Due to the use of different encoding scheme and learning strategy, the proposed integrated model has several advantages over existing approaches. First, we look at the pattern recognition process at a system level. Rather than considering sensory encoding and learning as isolated processes, we integrated biological plausible encoding and learning processes using consistent neural codes. The latency-phase encoding scheme retains almost all information of the input images with high precision and links up the sensory encoding with learning process. Second, in the integrated spike-based model, we demonstrated that input patterns can be classified by precisely timed spike trains rather than the mean firing rates or single spike code. With the rich capacity of temporal codes, detailed information of the inputs can be exploited by designing the target pattern and precisely timed spikes can be generated. Furthermore, the supervised spike-timing based learning allows an efficient computation and fast convergence, such that the system can be applied to real-life tasks, such as movement control [54] and neuroprostheses control [55].
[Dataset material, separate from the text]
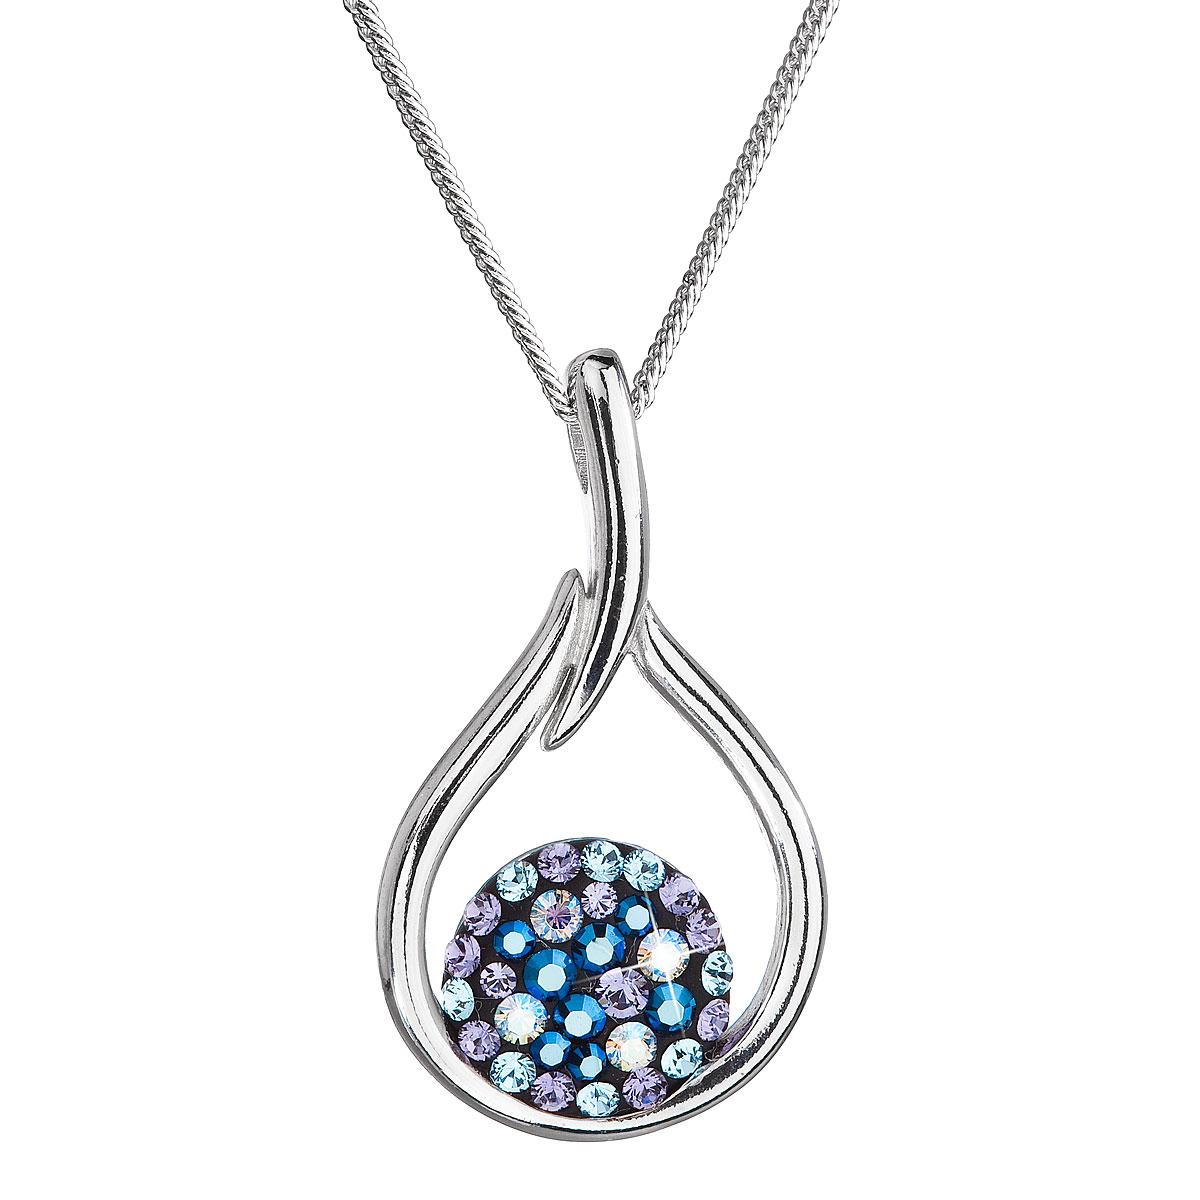 Evolution Group Stříbrný náhrdelník se Swarovski krystaly kapka 32075.3 blue style

The input neurons are supposed to fire more than once in our model, which makes better use of the synaptic weights and generalization performance. Although the temporal codes provide a large amount of information, multi-spike signal results in the competition among target spikes firing at different times for the available resources. This leads to limited memory capacity and slow convergence as shown in the simulation results. Therefore the removal of the conflicts among the target spikes remains a challenging but interesting issue for the spike-timing based learning algorithm. One approach is to employ multiple layer and recurrent neural structures, such as liquid state machine [56], so as to increase the computational capability of the system and to absorb the influence of multiple spikes.
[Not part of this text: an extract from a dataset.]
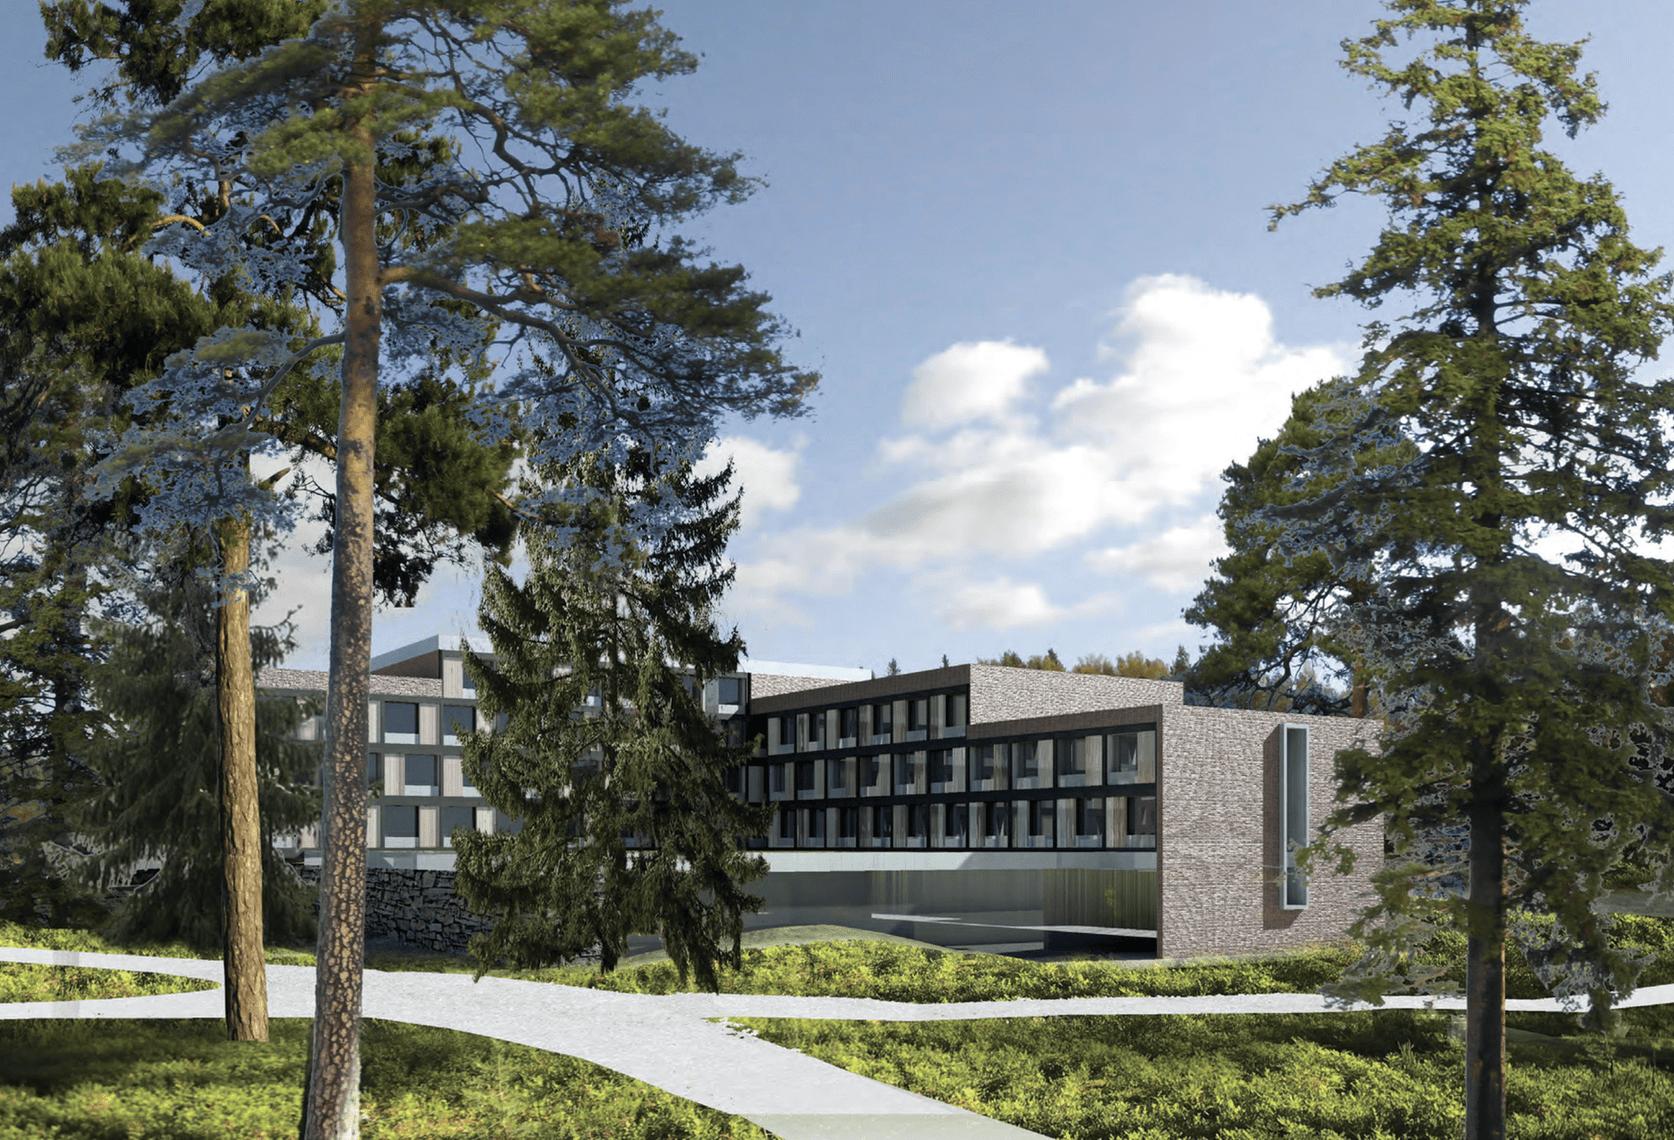 Luonnos Hotel Rantapuiston uudesta hotellirakennuksesta Furuborginkadulla. Luonnos: Arkkitehtityöhuone APRT Oy

There are a few limitations in our current model. The encoding scheme in the model does not incorporate any information extraction to preprocess the input patterns, which is viewed as a necessary procedure in traditional pattern recognition models. By using filtering techniques as proposed in HMAX model [57] or local edge detectors [58], it is believed that the performance and memory capacity in the proposed model will be improved with an efficient neural code in a more concise and abstract manner.

3.5 Conclusions

In this chapter, an integrated computational model with latency-phase encoding method and supervised spiking-timing based learning algorithm has been proposed. Stimuli were first encoded into spatiotemporal patterns with latency-phase scheme, which builds up a bridge between real-world stimuli to neural signals in a biological plausible way. Then the patterns were learned by spiking neurons using a spike-timing based supervised method with millisecond time precision. As shown in the simulation results, the spike-timing based neural networks with temporal codes are capable of solving pattern recognition task by computing with action potentials.

Although the current model has limitations in the recognition capacity, our study exploits the computational mechanisms employed by neural systems in two respects: First, our model was built at a system level emphasizing both the sensory encoding and learning process. It is an integrated system based on a unified temporal coding scheme and consistent with the known neurobiological mechanisms. Second, we have demonstrated the classification capability of the system that computes precisely timed spikes and realistic stimuli, analogously to cognitive computation in human brain. The approaches based on cognitive computation will play a leading role in many applications spanning across signal processing, autonomous systems and robotics [59,60,61].